▶ **Dataset content**:

#####

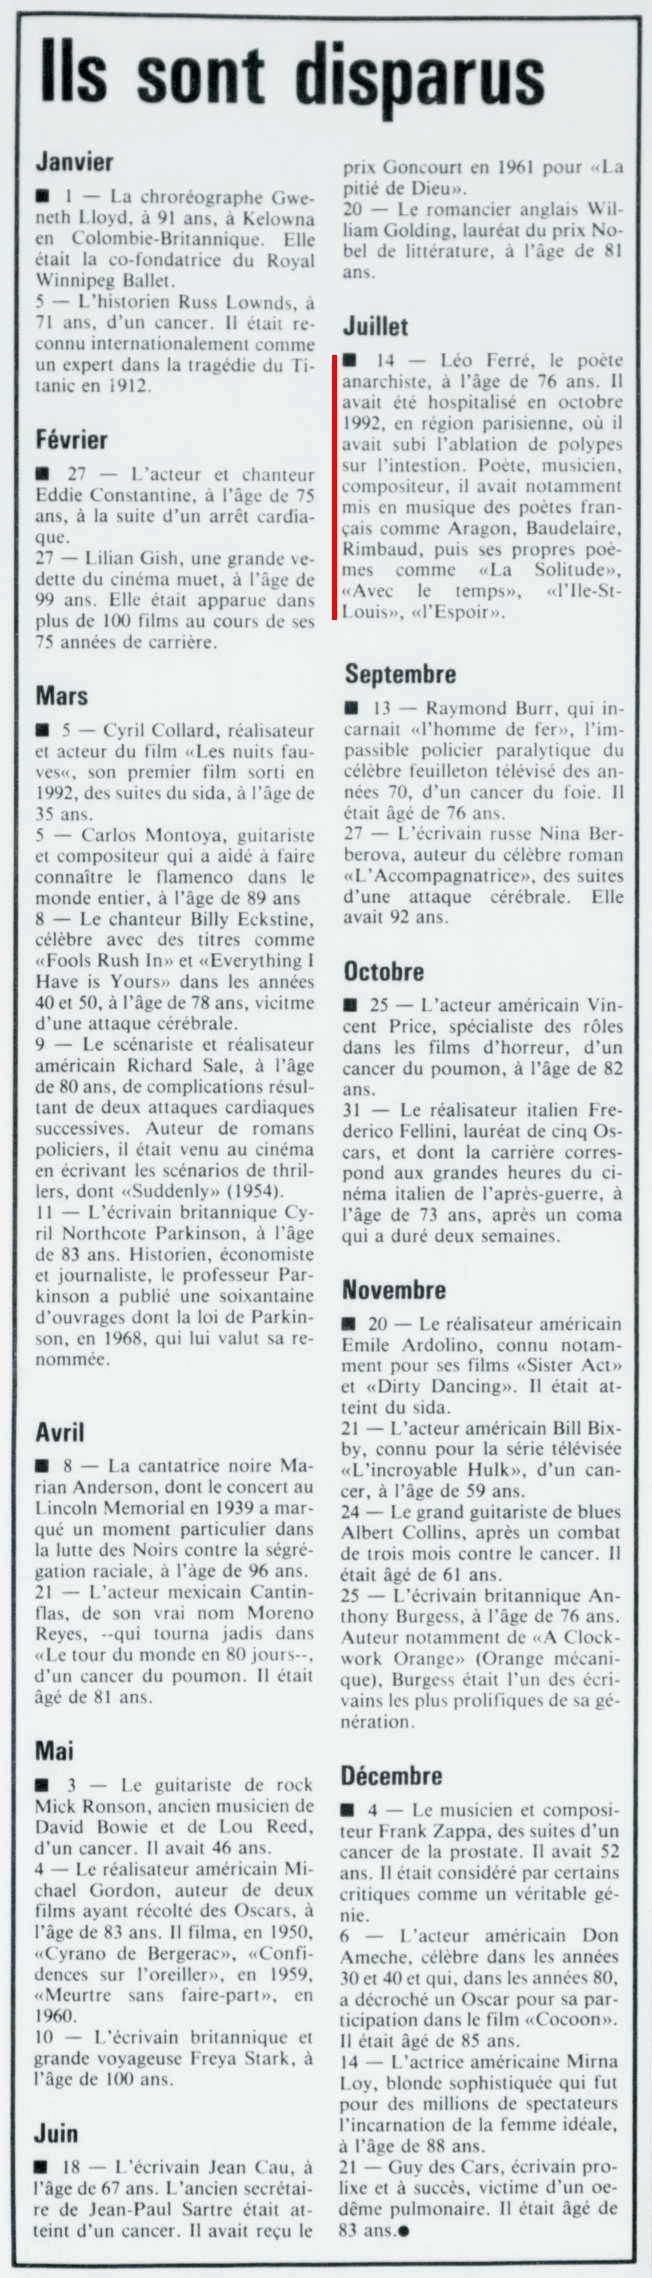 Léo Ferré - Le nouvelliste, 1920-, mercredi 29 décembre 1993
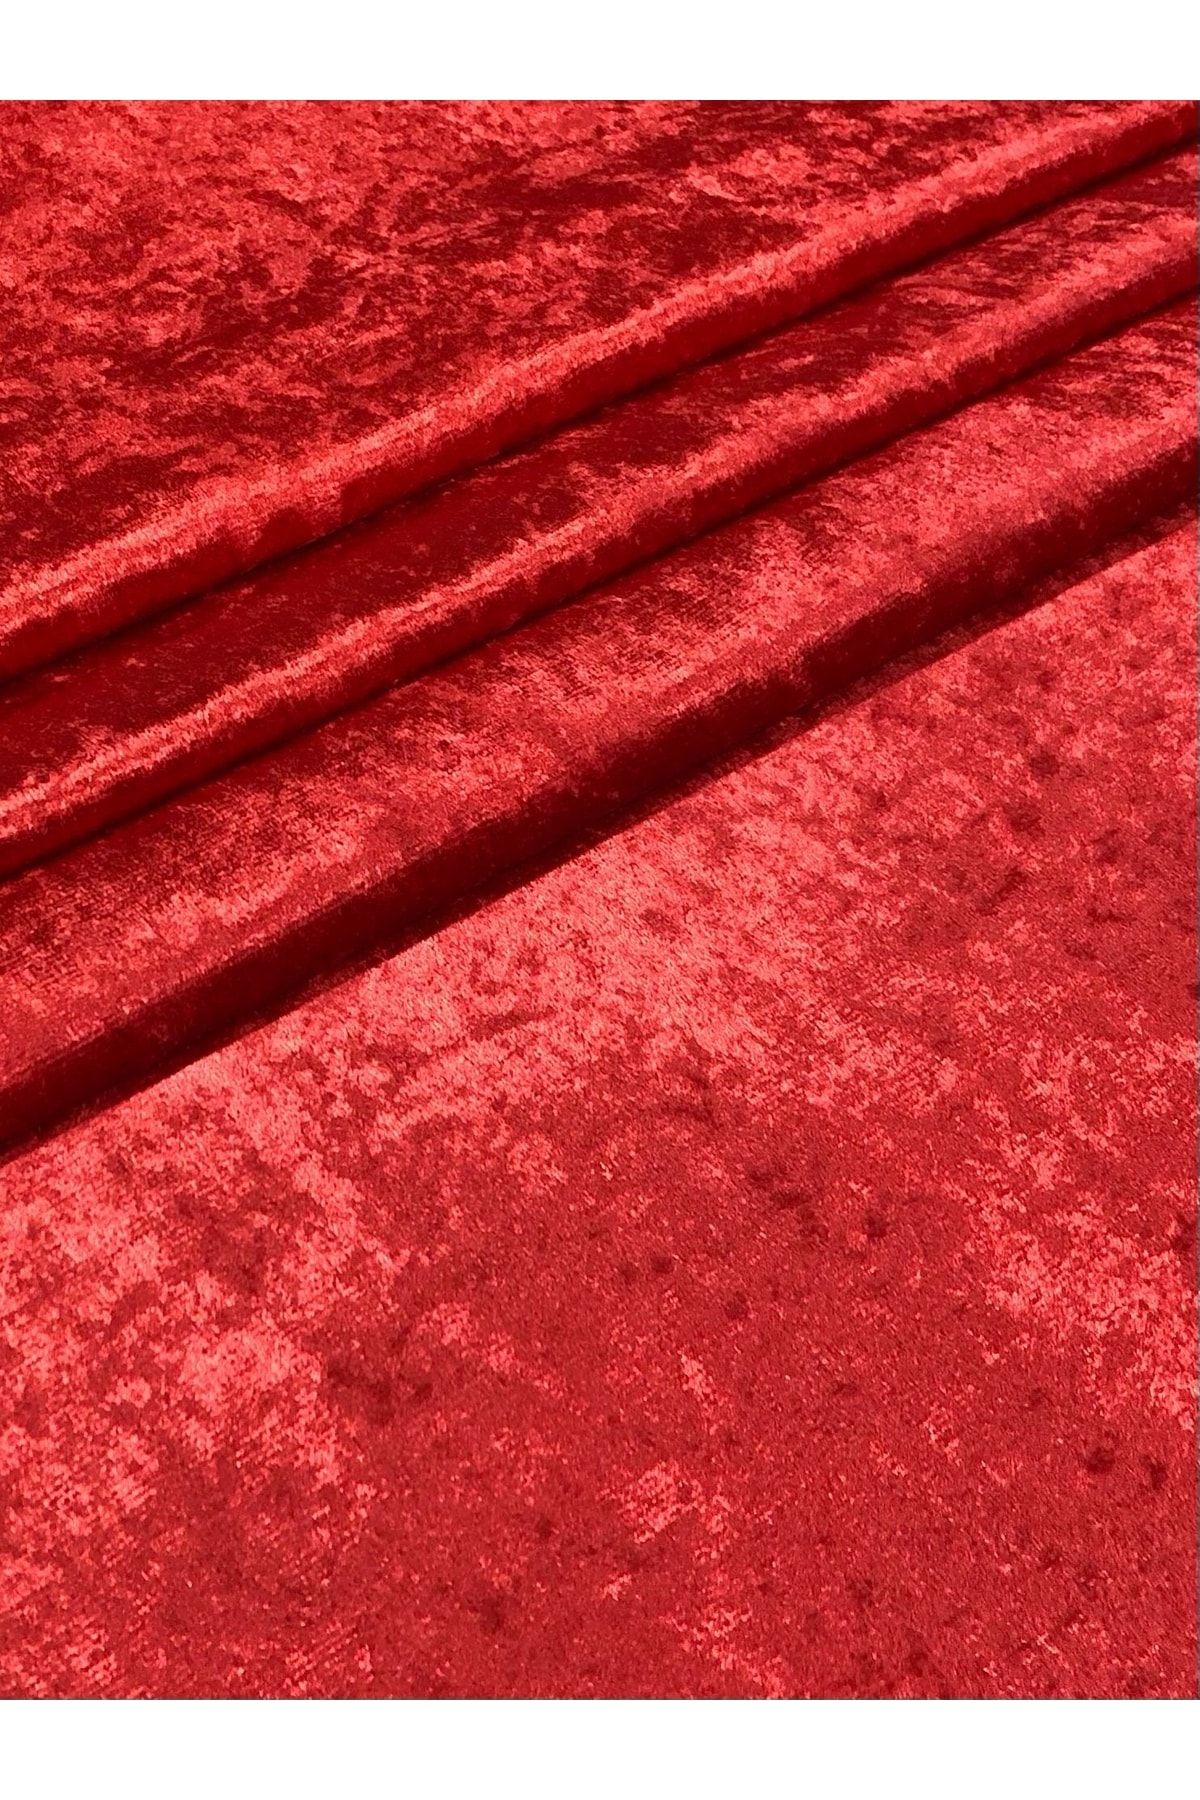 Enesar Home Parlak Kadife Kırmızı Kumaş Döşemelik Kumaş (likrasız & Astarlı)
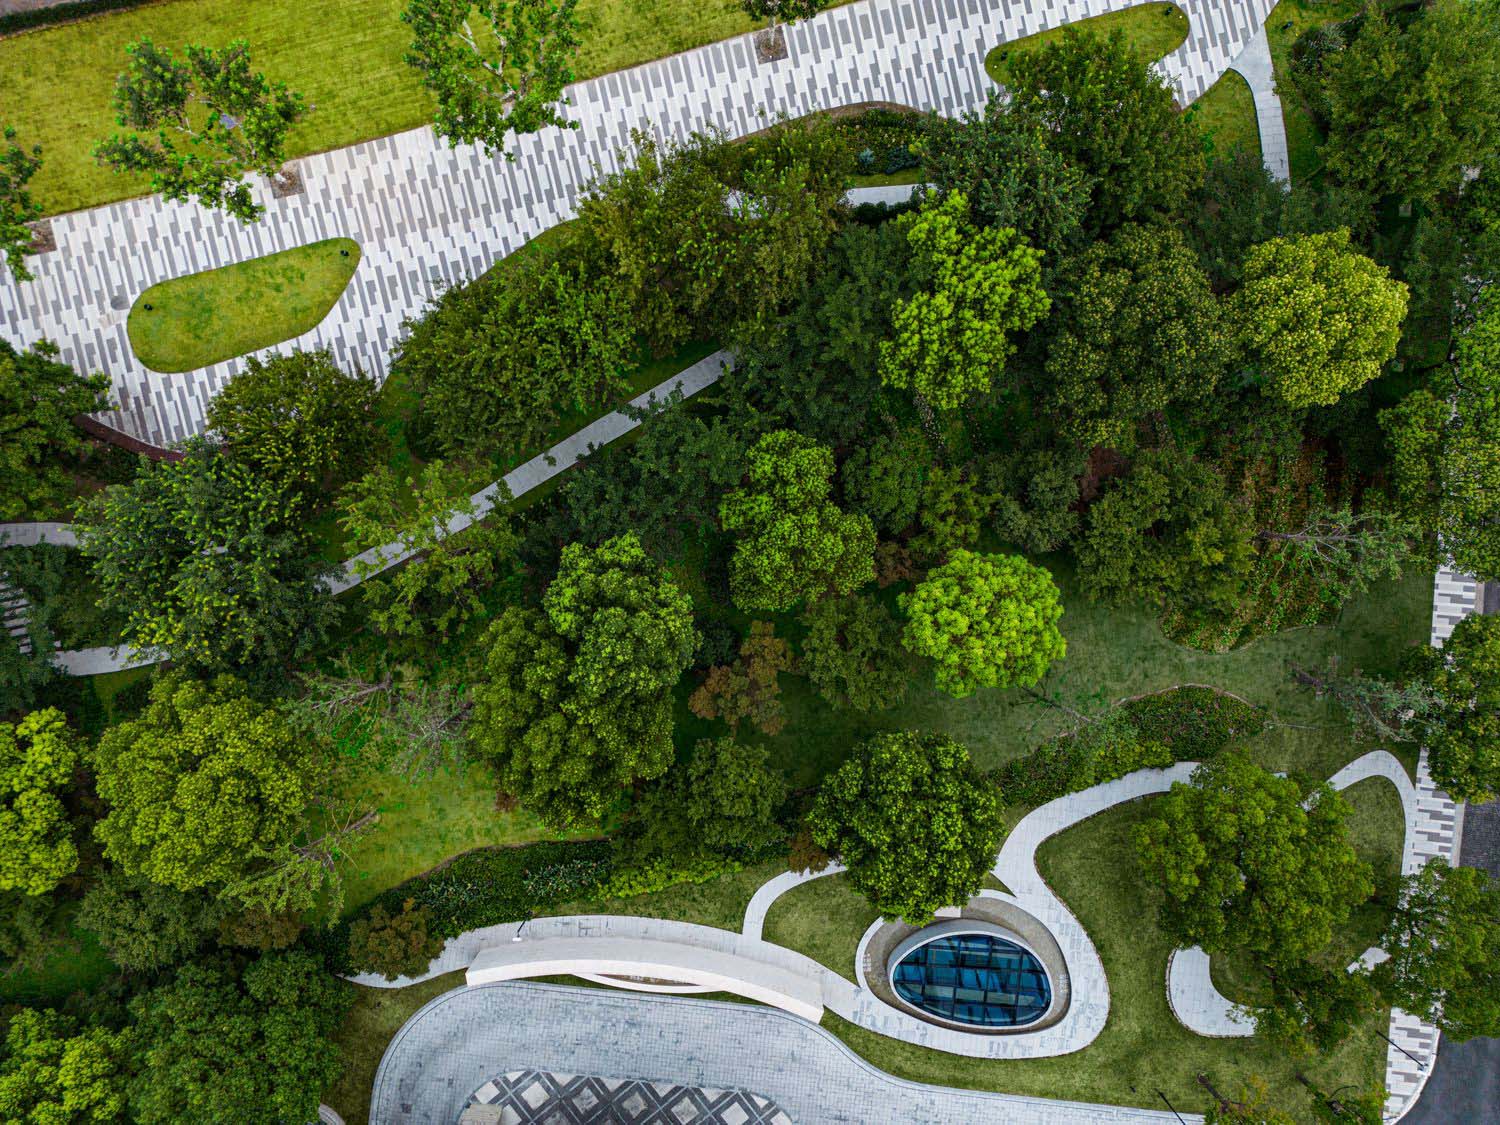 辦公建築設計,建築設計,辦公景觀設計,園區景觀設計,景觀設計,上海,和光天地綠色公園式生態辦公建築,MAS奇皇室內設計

#####

▶ **Work task**:
The listing above needs to be output again exactly. Don't include the pictures.

▶ **Reply to the task**:
 Léo Ferré - Le nouvelliste, 1920-, mercredi 29 décembre 1993
 Enesar Home Parlak Kadife Kırmızı Kumaş Döşemelik Kumaş (likrasız & Astarlı)
 辦公建築設計,建築設計,辦公景觀設計,園區景觀設計,景觀設計,上海,和光天地綠色公園式生態辦公建築,MAS奇皇室內設計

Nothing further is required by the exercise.